Kęstutis Keblys

Personal information
- Full name: Kęstutis Keblys
- Nationality: Lithuania
- Born: 2 March 1976 (age 50) Anykščiai, Lithuanian SSR, Soviet Union
- Height: 2.01 m (6 ft 7 in)
- Weight: 98 kg (216 lb)

Sport
- Sport: Rowing
- Club: Gaja Kaunas

= Kęstutis Keblys =

Lithuanian rower (born 1976)

Kęstutis Keblys (born 2 March 1976 in Anykščiai) is a Lithuanian rower. He represented his nation Lithuania, along with his double sculls partner Einaras Šiaudvytis, at the 2004 Summer Olympics, and has attained a fifth-place finish (6:29.790) at the second leg of the 2002 World Rowing Cup in Milan, Italy.

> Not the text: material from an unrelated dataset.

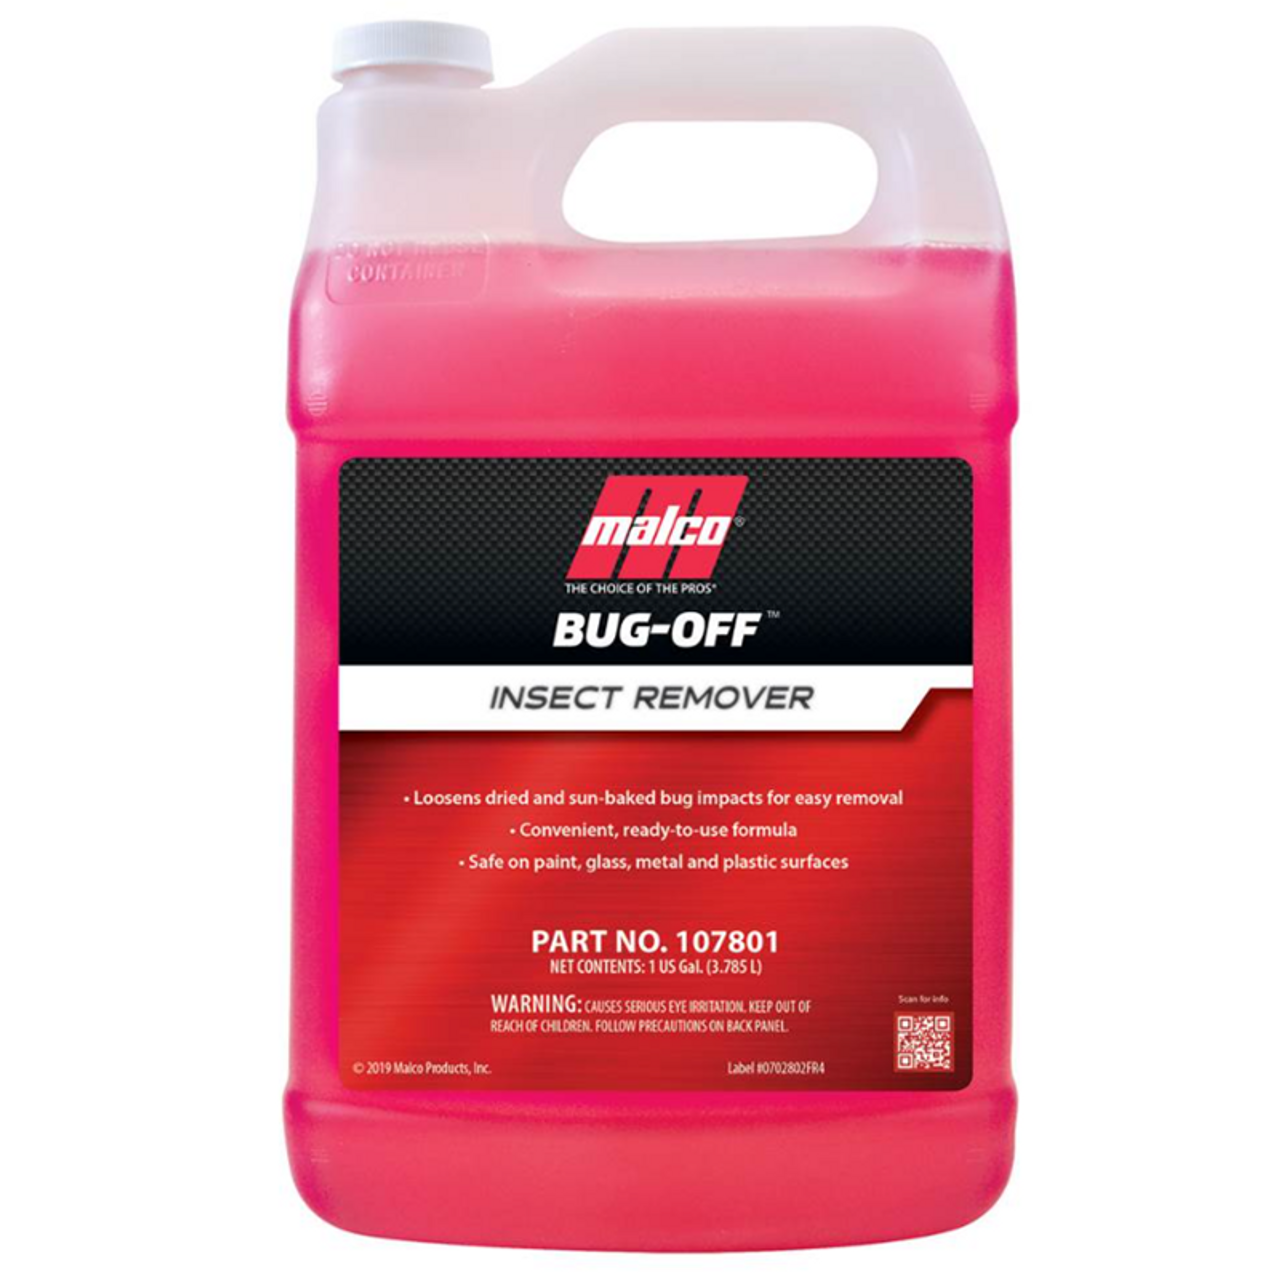 Malco Bug-Off™ Insect Remover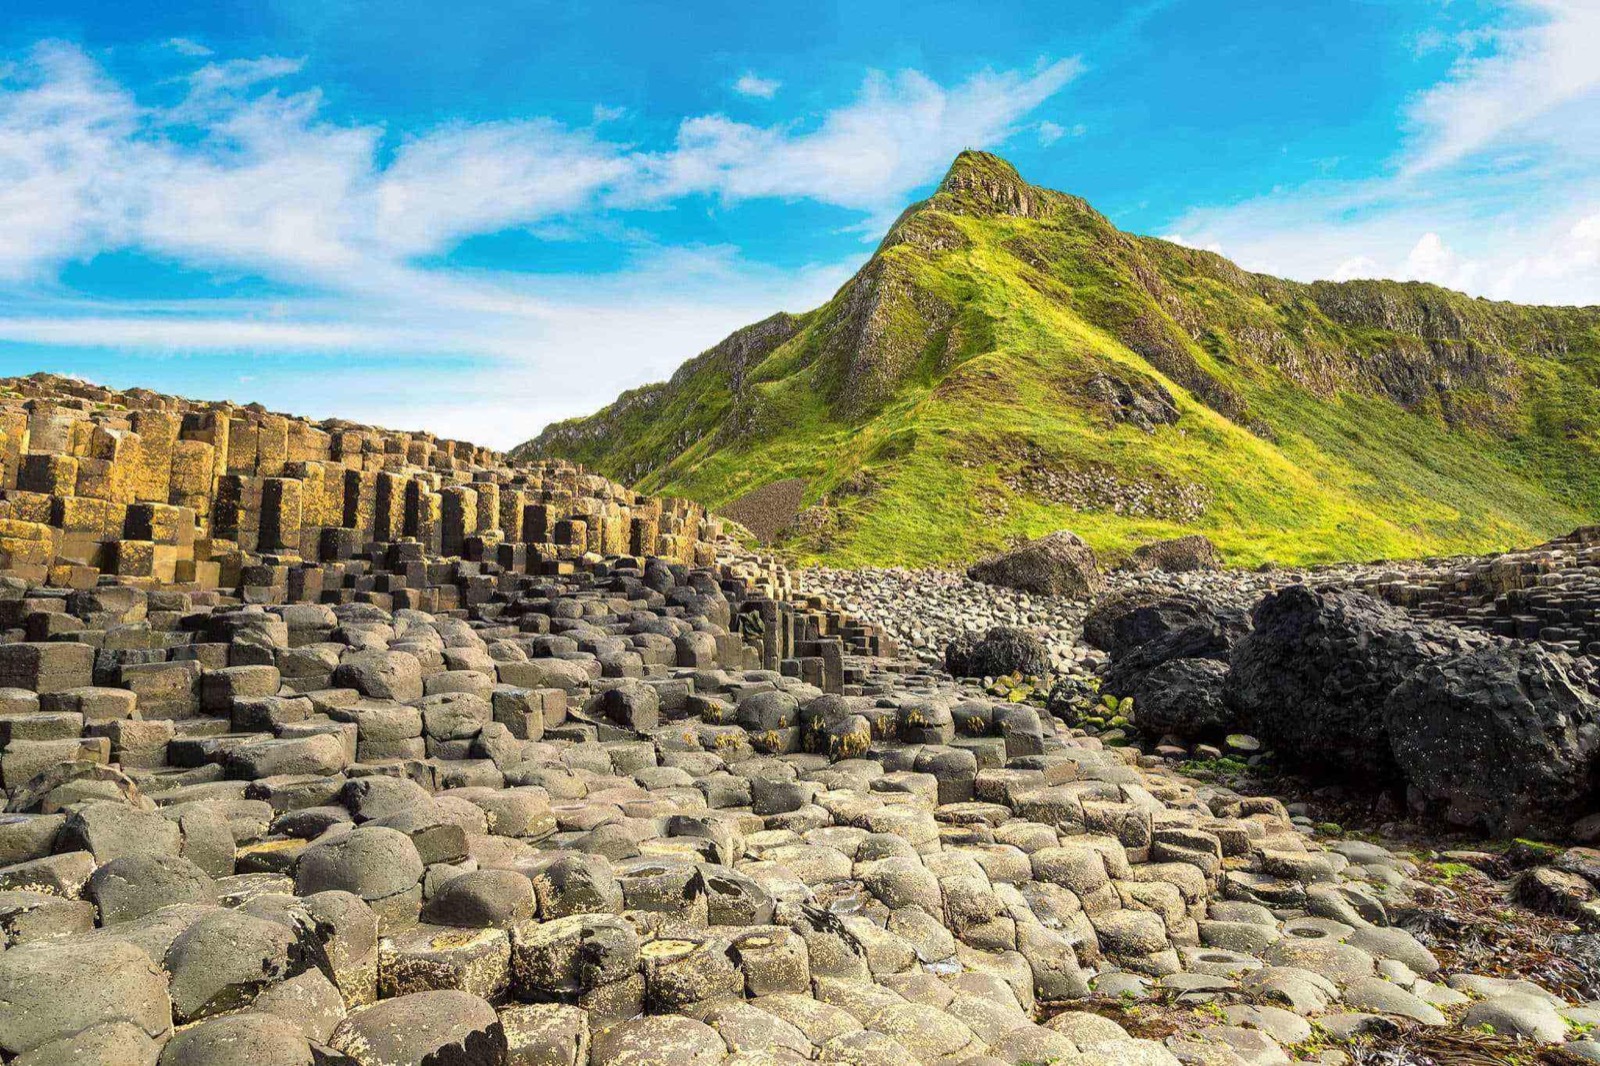 Can You Match These Extraordinary Natural Features to Their Respective Countries? Giant's Causeway, Northern Ireland, United Kingdom

Keblys qualified for the Lithuanian squad in the men's double sculls at the 2004 Summer Olympics in Athens by finishing fifth in the B-final and eleventh overall from the 2003 World Rowing Championships in Milan, Italy with an entry time of 6:28.380. Teaming with his partner Einaras Šiaudvytis throughout the series, the Lithuanian duo paddled their lifetime best of 6:24.56 for a fifth-place effort in a single repechage round, but failed to advance into the semifinals with only top three boats moving forward. Earlier in the prelims, Keblys and Siaudvytis trailed behind the other three boats in heat three by a wide, nine-second gap with a fourth-place time in 7:07.13.